Write your own diff for fun

December 27, 2017

On the other day, when I was looking at git diff, I thought “How does it work?“. Brute-force idea of comparing all possible pairs of lines doesn’t seem efficient and indeed it has exponential algorithmic complexity. There must be a better way, right?

As it turned out, git diff, like a usual diff tool is modeled as a solution to a problem called Longest Common Subsequence. The idea is really ingenious – when we try to diff 2 files we see it as 2 sequences of lines and try to find a Longest Common Subsequence. Then anything that is not in that subsequence is our diff. Sounds neat, but how can one implement it in an effective way (without that exponential complexity)?

LCS problem is a classic problem that is better solved with dynamic programming – somewhat advanced technique in algorithm design that roughly means an iteration with memoization.

I’ve always struggled with dynamic programming because it’s mostly presented through some (in my opinion) artificial problem that is hard for me to work on. But now, when I see something so useful that can help me write a diff, I just can’t resist.

I used a Wikipedia article on LCS as my guide, so if you want to check the algorithm nitty-gritty, go ahead to the link. I’m going to show you my implementation (that is, of course, available on GitHub) to demonstrate how easily you can solve such seemingly hard problem.

I’ve chosen Python to implement it and immediately felt grateful because you can copy-paste pseudocode and use it with minimal changes.
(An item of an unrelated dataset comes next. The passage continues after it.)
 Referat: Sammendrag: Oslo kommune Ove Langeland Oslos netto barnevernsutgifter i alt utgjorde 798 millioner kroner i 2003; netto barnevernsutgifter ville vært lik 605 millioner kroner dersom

Here is the diff printing function from Wikipedia article in pseudocode:

function printDiff(C[0..m,0..n], X[1..m], Y[1..n], i, j)
    if i > 0 and j > 0 and X[i] = Y[j]
        printDiff(C, X, Y, i-1, j-1)
        print "  " + X[i]
    else if j > 0 and (i = 0 or C[i,j-1] ≥ C[i-1,j])
        printDiff(C, X, Y, i, j-1)
        print "+ " + Y[j]
    else if i > 0 and (j = 0 or C[i,j-1] < C[i-1,j])
        printDiff(C, X, Y, i-1, j)
        print "- " + X[i]
    else
        print ""

And in Python:

def print_diff(c, x, y, i, j):
    """Print the diff using LCS length matrix by backtracking it"""

    if i >= 0 and j >= 0 and x[i] == y[j]:
        print_diff(c, x, y, i-1, j-1)
        print("  " + x[i])
    elif j >= 0 and (i == 0 or c[i][j-1] >= c[i-1][j]):
        print_diff(c, x, y, i, j-1)
        print("+ " + y[j])
    elif i >= 0 and (j == 0 or c[i][j-1] < c[i-1][j]):
        print_diff(c, x, y, i-1, j)
        print("- " + x[i])
    else:
        print("")

This is not the actual function for my diff printing because it doesn’t handle few corner cases – it’s just to illustrate Python awesomeness.
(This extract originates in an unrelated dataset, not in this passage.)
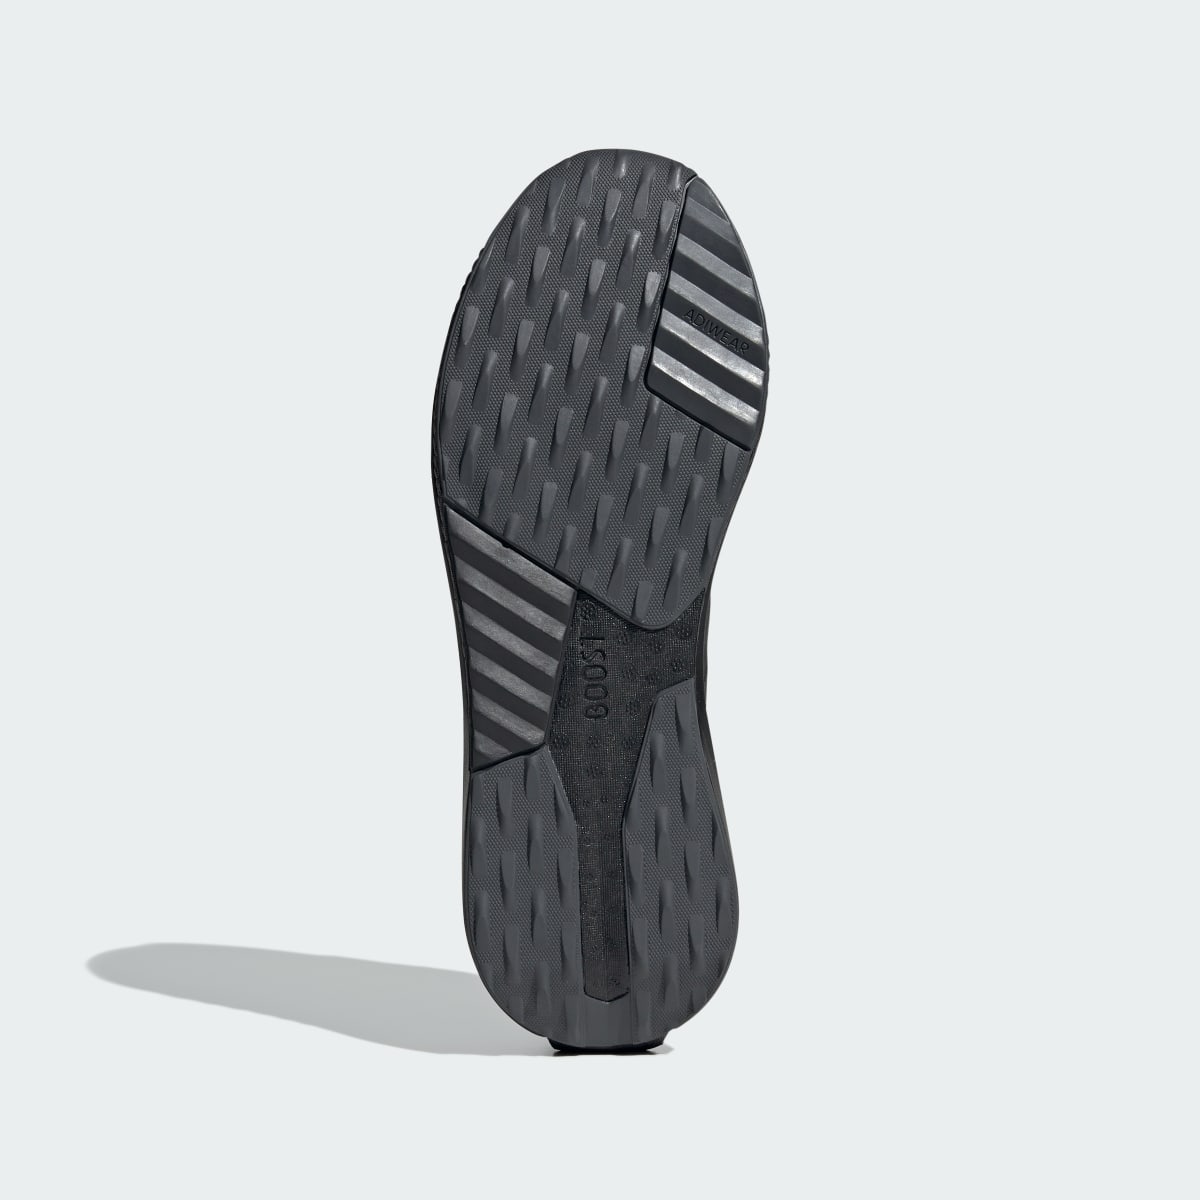 Adidas Avryn Ayakkabı. 10

The essence of diffing is building the matrix C which contains lengths for all subsequences. Building it may seem daunting until you start looking at the simple cases:

  • LCS of “A” and “A” is “A”.
  • LCS of “AA” and “AB” is “A”.
  • LCS of “AAA” and “ABA” is “AA”.

Building iteratively we can define the LCS function:

  • LCS of 2 empty sequences is the empty sequence.
  • LCS of “${prefix1}A” and “${prefix2}A” is LCS(${prefix1}, ${prefix2}) + A
  • LCS of “${prefix1}A” and “${prefix2}B” is the longest of LCS(${prefix1}A, ${prefix2}) and LCS(${prefix1}, ${prefix2}B)

That’s basically the core of dynamic programming – building the solution iteratively starting from the simple base cases. Note, though, that it’s working only when the problem has so-called “optimal” structure, meaning that it can be built by reusing previous memoized steps.

Here is the Python function that builds that length matrix for all subsequences:

def lcslen(x, y):
    """Build a matrix of LCS length.

    This matrix will be used later to backtrack the real LCS.
    """

    # This is our matrix comprised of list of lists.
    # We allocate extra row and column with zeroes for the base case of empty
    # sequence. Extra row and column is appended to the end and exploit
    # Python's ability of negative indices: x[-1] is the last elem.
    c = [[0 for _ in range(len(y) + 1)] for _ in range(len(x) + 1)]

    for i, xi in enumerate(x):
        for j, yj in enumerate(y):
            if xi == yj:
                c[i][j] = 1 + c[i-1][j-1]
            else:
                c[i][j] = max(c[i][j-1], c[i-1][j])
    return c

Having the matrix of LCS lengths we can now build the actual LCS by backtracking it.

def backtrack(c, x, y, i, j):
    """Backtrack the LCS length matrix to get the actual LCS"""

    if i == -1 or j == -1:
        return ""
    elif x[i] == y[j]:
        return backtrack(c, x, y, i-1, j-1) + x[i]
    else:
        if c[i][j-1] > c[i-1][j]:
            return backtrack(c, x, y, i, j-1)
        else:
            return backtrack(c, x, y, i-1, j)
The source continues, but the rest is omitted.